[Data entries]
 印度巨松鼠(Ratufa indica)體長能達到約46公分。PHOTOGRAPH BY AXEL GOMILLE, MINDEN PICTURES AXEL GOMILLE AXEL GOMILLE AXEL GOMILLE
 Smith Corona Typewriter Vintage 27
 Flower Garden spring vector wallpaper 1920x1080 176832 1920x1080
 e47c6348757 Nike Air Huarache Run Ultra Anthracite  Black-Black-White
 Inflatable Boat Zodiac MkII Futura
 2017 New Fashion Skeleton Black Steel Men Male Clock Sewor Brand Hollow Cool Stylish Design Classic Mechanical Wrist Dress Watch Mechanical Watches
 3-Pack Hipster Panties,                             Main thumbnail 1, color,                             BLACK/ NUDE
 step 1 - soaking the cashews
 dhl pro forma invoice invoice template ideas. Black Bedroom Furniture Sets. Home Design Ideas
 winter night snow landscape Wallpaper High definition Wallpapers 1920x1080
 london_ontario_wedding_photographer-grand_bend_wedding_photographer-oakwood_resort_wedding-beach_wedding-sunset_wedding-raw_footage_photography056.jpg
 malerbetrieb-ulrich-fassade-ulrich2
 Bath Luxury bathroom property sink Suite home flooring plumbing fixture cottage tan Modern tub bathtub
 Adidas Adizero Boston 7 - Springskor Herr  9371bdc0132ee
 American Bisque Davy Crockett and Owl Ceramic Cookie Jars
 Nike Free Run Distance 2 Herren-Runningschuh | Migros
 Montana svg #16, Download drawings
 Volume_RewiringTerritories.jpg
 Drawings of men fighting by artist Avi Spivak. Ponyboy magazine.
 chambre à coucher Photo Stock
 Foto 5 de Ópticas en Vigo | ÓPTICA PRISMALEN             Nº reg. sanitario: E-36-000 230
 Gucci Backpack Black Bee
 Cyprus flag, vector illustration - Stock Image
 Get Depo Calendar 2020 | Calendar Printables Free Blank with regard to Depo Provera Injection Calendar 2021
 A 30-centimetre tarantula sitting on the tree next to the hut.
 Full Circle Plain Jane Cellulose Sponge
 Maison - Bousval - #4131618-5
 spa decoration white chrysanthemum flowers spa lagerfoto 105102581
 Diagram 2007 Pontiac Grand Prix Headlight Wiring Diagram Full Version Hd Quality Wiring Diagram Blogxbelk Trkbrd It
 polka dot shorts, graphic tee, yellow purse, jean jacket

▶ Problem statement
In the entries above, some lines may contain the string "vector"; report how many, without additional comment.

▶ Finished task
2